Monday, June 19, 2006

English Muffins

What is it about an English muffin? What magical power does it posses which, when combined with plenty of butter, a sausage patty, a fried egg, and a slice of cheese makes it so irresistible. It is the most delicious invention of mankind.

Monday, June 05, 2006

I may have to wait a while longer.

Women are silly. Never before have I felt that my life was in a state that would be conductive to any meaningful relationship with a woman. I am a nomad - this creates difficulty when it comes to developing any sort of long term relationship. On top of that, my financial situation has usually been less than impressive - mostly because of the difficulty in maintaining a steady income with my nomadic tendencies. This doesn't bother me of courese - I've rarely had trouble keeping myself from starving to death, but it seems to trouble other people.

Now, my life is at a turning point and, though I am not there yet, for the first time in my life I can see myself reaching the point where I could have a meaningful relationship with a woman. And so I have started trying to find a woman with whom to have such a relationship. My plan is to start getting to know someone so that when I am fully ready to "settle down" I'll be well on my way. The problem is that I have to go to Jamaica for a month and after that I'll be traveling all over the country for most of the summer and after that I'll be going to school in Seattle for 7 months. I don't get much past "I have to leave on Friday" and all of a sudden the girl doesn't want to have anything to do with me.

So maybe I'll just have to wait until my life has actually settled down so that I don't have to say that I'm leaving at the end of the week and will be gone for a month and then I might not be around much after that either.

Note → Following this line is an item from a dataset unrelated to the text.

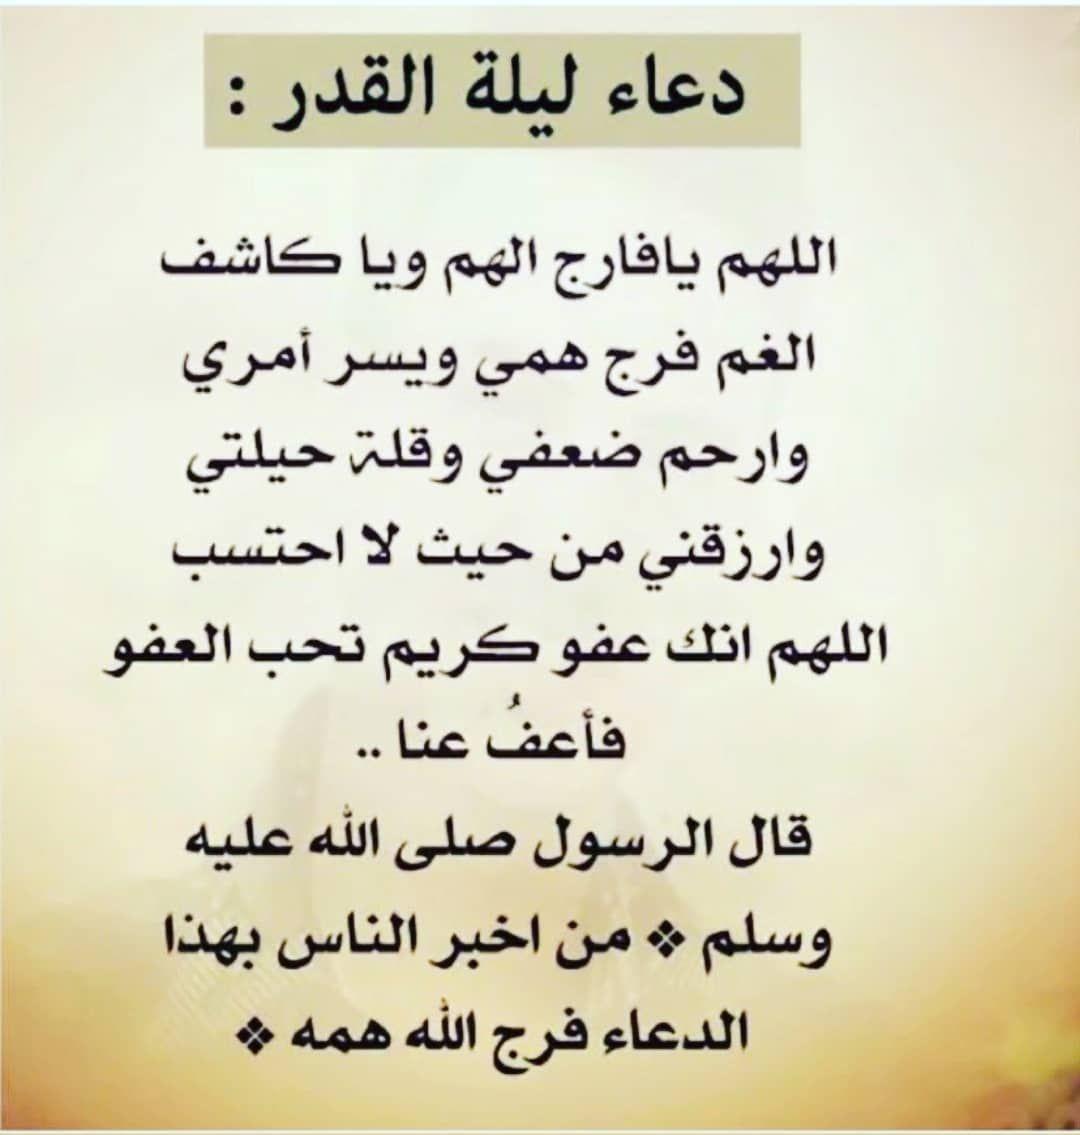 Dz Algerie Algeria Alger Bejaia Oran Constantine Annaba الجزائر Kenzamorsli Soolking Amelboucho Quran Quotes Inspirational Butterfly Love Quotes Islamic Quotes

Get rid of those crazy kids.

Manilow scares away troublesome kids

Thursday, June 01, 2006

Crazy/Sane and Angela's Ashes update

I'll cover Angela's Ashes first. I can recommend this book even though I haven't finished it yet. Braddock was concerned that the ending might suck and so I can't recommend it. However, this is not the type of book that requires any specific type of ending. It is not a novel, not a story. It's a memoir. If the book ended abruptly in my current spot (about 1/2 way through), I'd still recommend it and read it again sometime (not really "read" because I'm listening to the audiobook, but you know what I mean). Each chapter is like a short story in the life of the author - it can't possibly be disappointing.

Now a bit on Craziness (Insanity) vs Sanity. I suppose that most people believe themselves to be sane - and most of them are wrong. They want to be "sane" (what they believe "sane" to be) and they try very hard to be so. But most people are, in fact, quite insane. The only way to be truly sane is to be a little crazy. I'm not sure exactly what I mean by this, but I believe that it has two aspects. First, you must go through a period of craziness - letting go of your perceived sanity in order to attain true sanity. And second, you must be willing to be perceived as insane by others who falsely believe themselves to be sane.

I have to stop there because they're trying to close up the cafe in which I am composing this post.